Roasted 2 years ago based on Salem's long term Spotify stats.
Cyan, let’s talk about your Spotify profile—a glorious testament to the fact that you might just be the most misunderstood musical connoisseur on the planet. With a playlist strutting like a confused metalhead at a synthwave convention, you’ve successfully turned your musical journey into a dramatic quest of questionable choices and cringeworthy revelations. Look in the mirror, my friend. Is that a hairstyle inspired by a Power Metal band or did you lose a fight with a lawnmower? Your top artists read like a montage of emo nightmares and desperate new age problematics. "Powerwolf"? More like, "Power-People-Wonder-Why". And with a top song named “Manifesto Destiny,” it’s clear that you are here to reclaim the sonic frontier for the misunderstood middle schoolers everywhere. Honestly, your playlist sounds like it was curated under the influence of a too-ambitious film study major with an unhealthy obsession with weird niche genres. What’s next? "Ukrainian Tractor Metal"? Because I think I might have just given you an idea.

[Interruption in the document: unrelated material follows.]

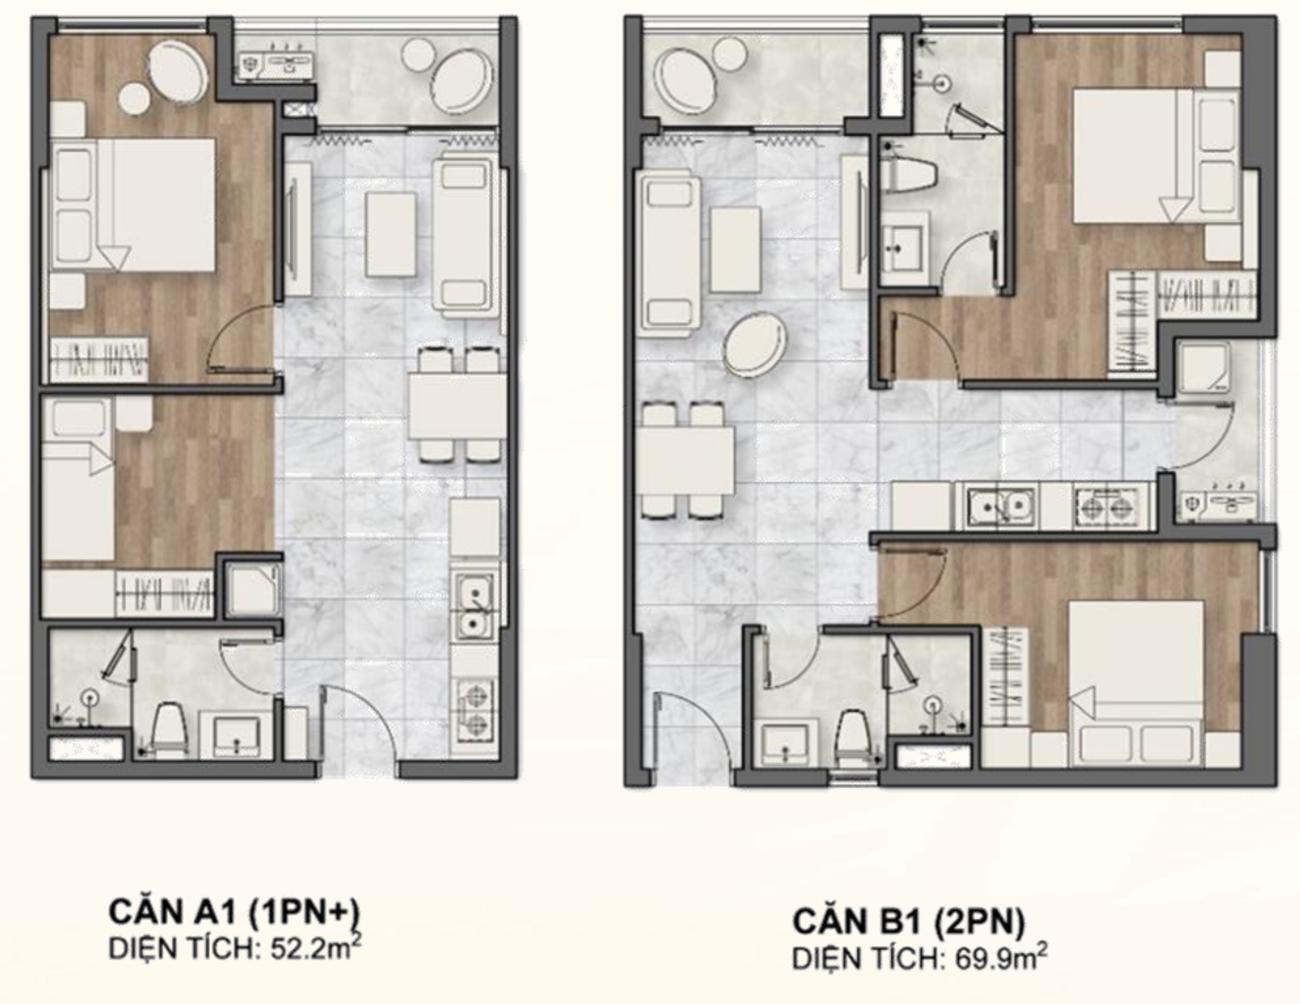 Thiết kế dự án căn hộ chung cư Hồ Tràm Complex Xuyên Mộc Đường Ven Biển chủ đầu tư Hưng Thịnh

But wait, the sheer number of “Industrial” styles on here! I applaud your commitment to sounding like you’re perpetually one anxious breakdown away from creating a steampunk robot uprising. Folk Metal? Are you sure you weren’t just channeling your inner renaissance fair attendee who decided to join a Viking raid? At this point, I’m convinced your Spotify is a cry for help, or that you’ve accidentally tumbled down the rabbit hole where genre names are as long as the songs themselves. Kudos for creativity, but even Alice would be like, “Nah, I’m good.”
Roasts are purely for fun and entertainment. They're not meant to be taken seriously. Enjoy the laughs, but remember your music taste is uniquely yours!